I had a misunderstanding here that queues are channels and both L1 and L2 caches have their own buffers. There is no deadlock in such case.

But it is wrong, because queues are buffers here and caches cannot do anything until buffer is ready/empty.


Armed with the knowledge from the following 2 slides, I believe the problem here is that the queues are used for both requests and responses. Both asking for data and responding take a slot in the queue. When both processors are asking for things from one an-otter, there is nowhere to put the response; the queues are full. So processor 2 is waiting for processor 1 to finish servicing the request its working on and clear out the queue, so 2 can put its response to 1's request onto the queue. But processor 1 is waiting for processor 2 to do the same thing. Hence, deadlock.


How big would that size have to be? Is it that each processor should have room for requests from all other processors on its buffer, plus room to respond to them, so 2(P-1)M, where P is the # of processors and M is the size a request takes up?


I'm not sure about how two queues can solve the problem. For example, there is a situation that both L1 and L2 are attempting to send requests. They stall because both request queues are full. They can service responses, but this only reduces response queues. How can this mechanism eventually change the states of requests queues?


I think that this is solved by the caches being implemented in hardware. Just because a cache is "stalled" on a request does not mean it cannot respond, especially since there is an available queue for responses.

In your example,

L1 --> L2 request * (queue size + 1) (waiting for the +1)

L2 --> L1 request * (queue size + 1)

L2 gets request (we can read off the incoming queue while waiting to send our +1)

L1 gets request

L2 responds in response queue

L1 responds in response queue

L2 pulls a new request off the incoming queue

L1 pulls a new request off the incoming queue



@squidrice, When a request is serviced, a response message is generated to put on the response queue, and the corresponding request message is removed from the request queue.

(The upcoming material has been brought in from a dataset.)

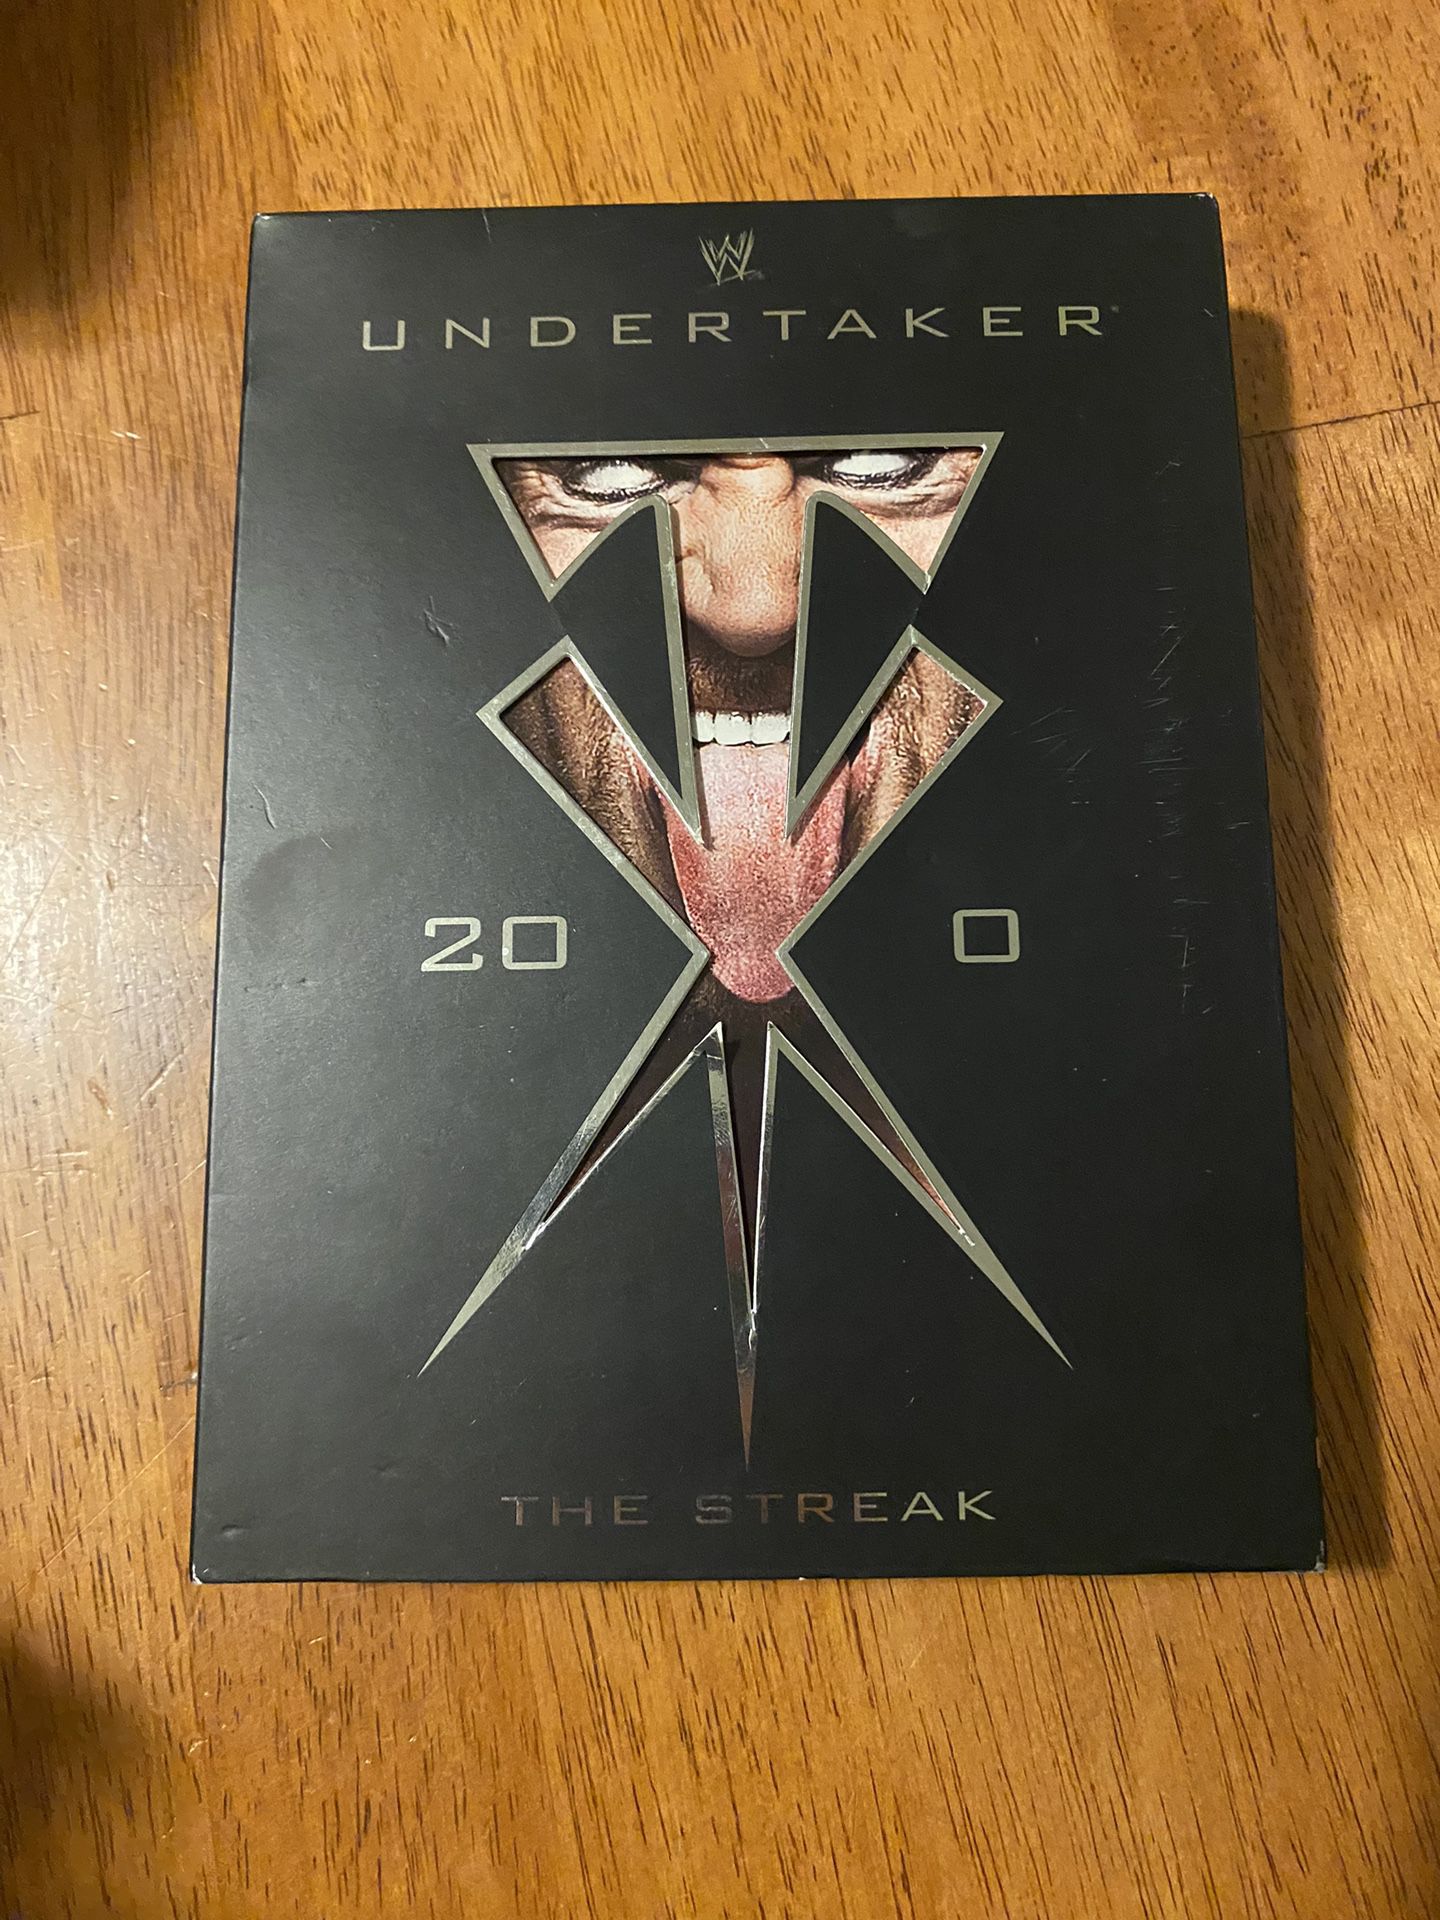 WWE The Undertaker 20-0 Streak Wrestling 4-Disc DVD Set Match Collection WWF

In your situation, if two request queues are filled, then each cache could receive message and put response messages to the response queue, so it can remove messages in request queues. I totally agree with @smklein.


I think this method is similar to adding virtual channels in interconnect networks. The advantage is that messages belong to different types and if there is only one channel, head-of-line blocking could occur and block later messages which could be processed for other types.

In this example, if the request in request queue could not be serviced dur to some reasons, it could stay in the queue and wait for the situation to be solved. But other messages from different channels could be received and make progress. Such as response queue.